The core of the educational experience at the Tisch School of the Arts is the creation of original academic and artistic work by students for the critical review of faculty members. It is therefore of the utmost importance that students at all times provide their instructors with an accurate sense of their current abilities and knowledge in order to receive appropriate constructive criticism and advice. Any attempt to evade that essential, transparent transaction between instructor and student through plagiarism or cheating is educationally self-defeating and a grave violation of Tisch School of the Arts community standards. For all the details on plagiarism, please refer to page 10 of the Tisch School of the Arts, Policies and Procedures Handbook, which can be found online at: https://tisch.nyu.edu/student-affairs/important-resources/tisch-policies-and-handbooks
Please feel free to make suggestions to your instructor about ways in which this class could become more accessible to you. Academic accommodations are available for students with documented disabilities.
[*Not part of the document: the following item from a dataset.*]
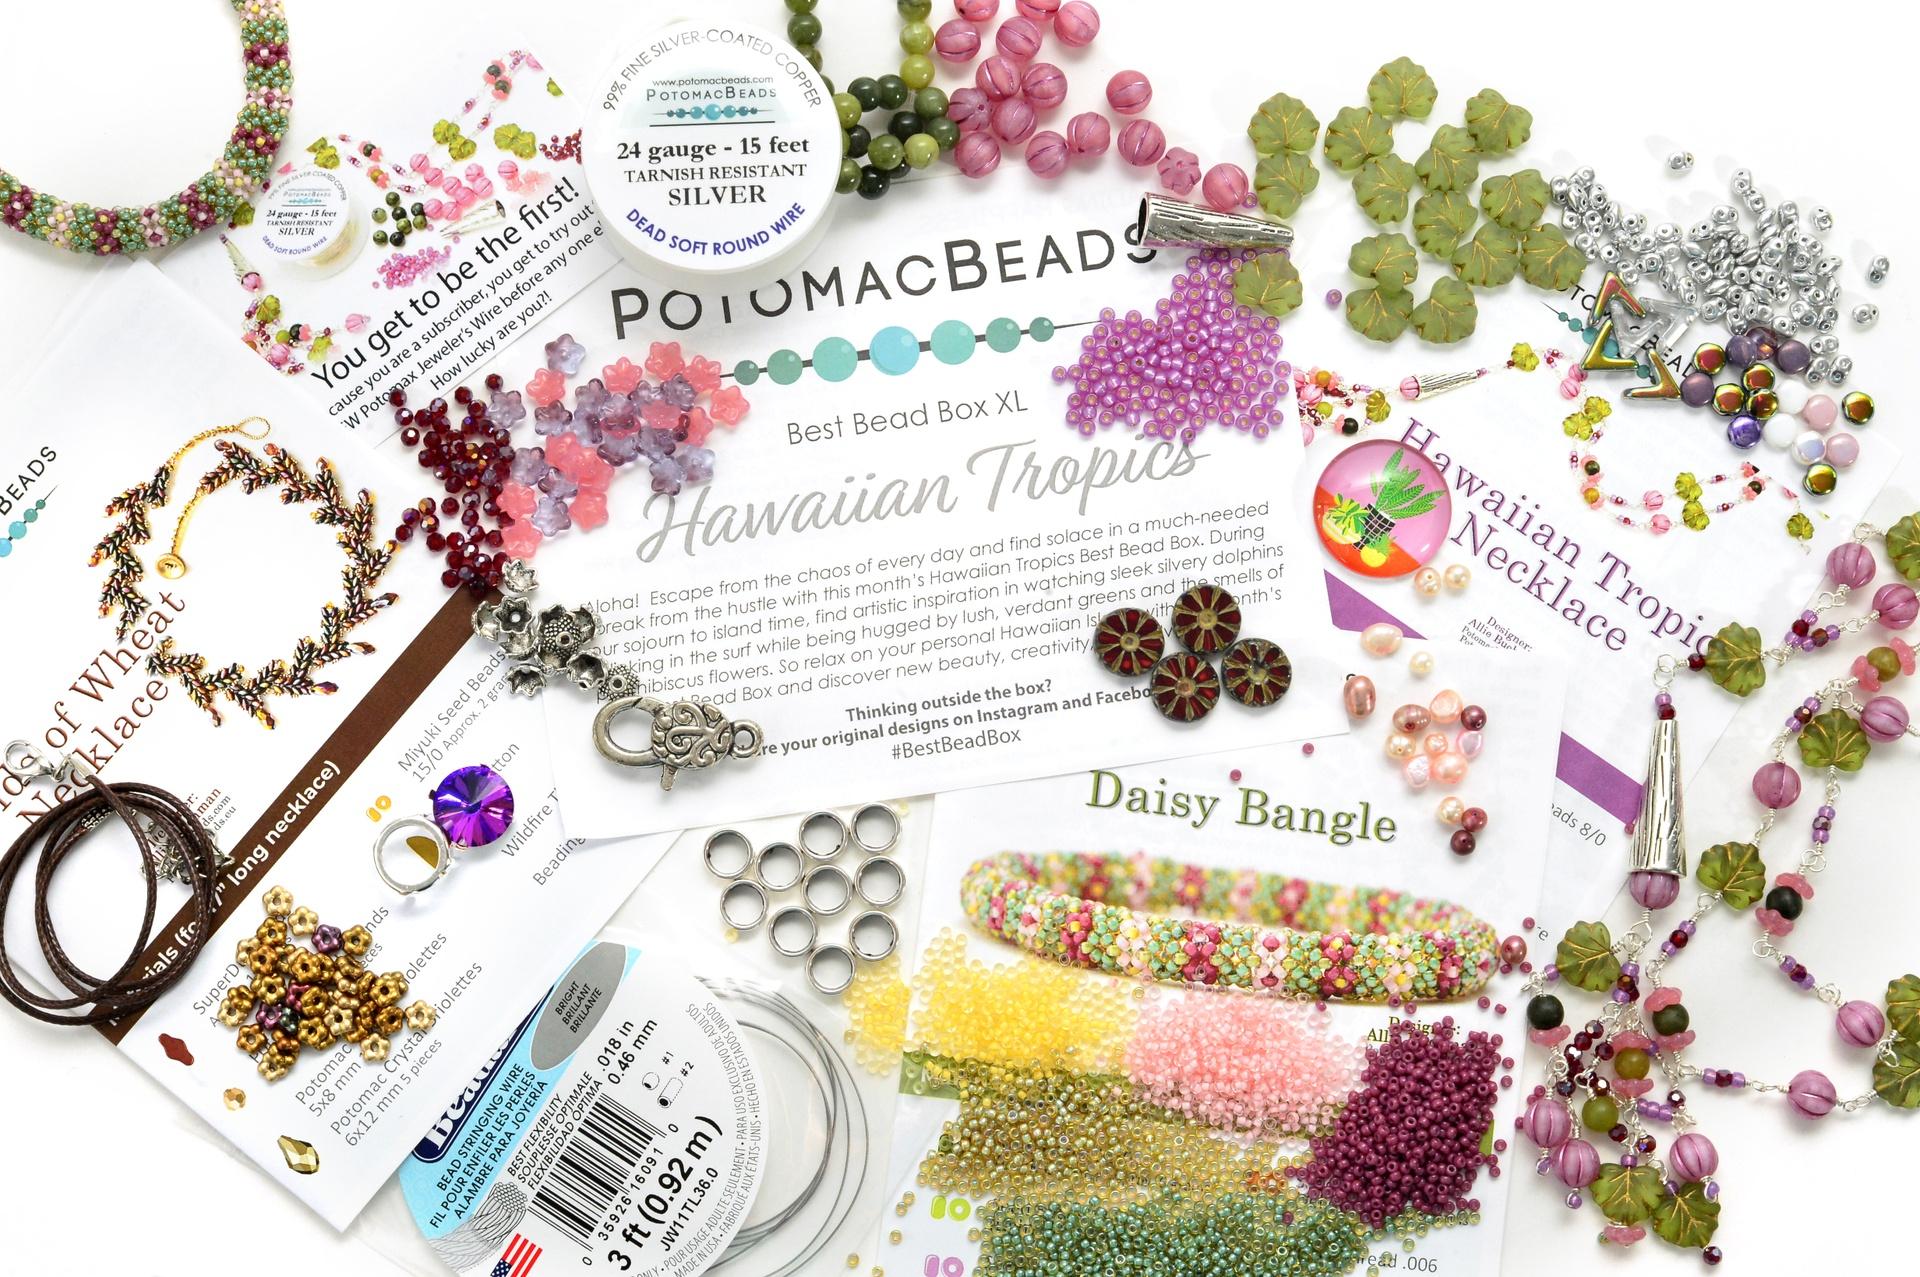 Subscription Inspiration / June Best Bead Box XL 2021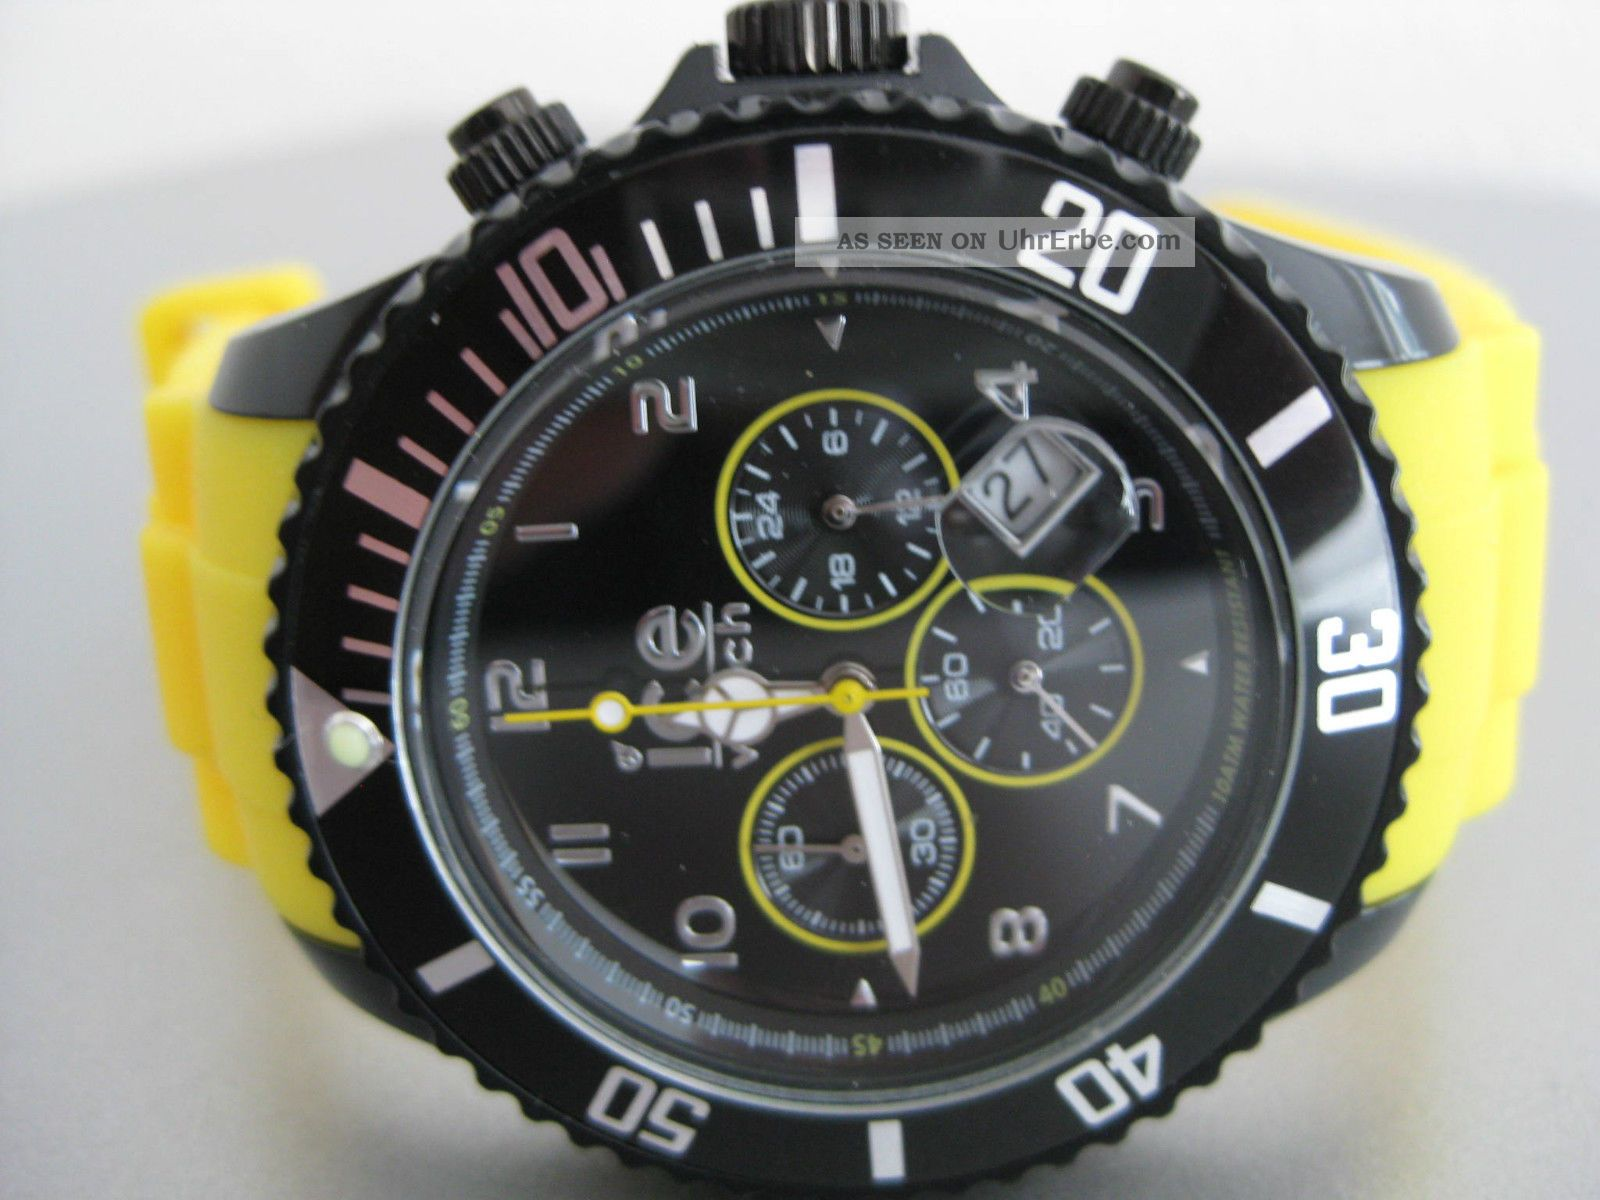 Ice Watch Ice - Chrono Armbanduhr Für Herren (ch.  By.  B.  S.  10) Armbanduhren Bild

Please contact the Moses Center for Students with Disabilities at 212 998-4980 for further information.
Your health and safety are a priority at NYU. If you experience any health or mental health issues during this course, we encourage you to utilize the support services of the 24/7 NYU Wellness Exchange 212-443-9999. Also, all students who may require an academic accommodation due to a qualified disability, physical or mental, please register with the Moses Center 212-998-4980. Please let your instructor know if you need help connecting to these resources.
Laptops will be an essential part of the course and may be used in class during workshops and for taking notes in lecture. Laptops must be closed during class discussions and student presentations. Phone use in class is strictly prohibited unless directly related to a presentation of your own work or if you are asked to do so as part of the curriculum.
Tisch School of the Arts to dedicated to providing its students with a learning environment that is rigorous, respectful, supportive and nurturing so that they can engage in the free exchange of ideas and commit themselves fully to the study of their discipline. To that end Tisch is committed to enforcing University policies prohibiting all forms of sexual misconduct as well as discrimination on the basis of sex and gender. Detailed information regarding these policies and the resources that are available to students through the Title IX office can be found by using the following link: Title IX at NYU.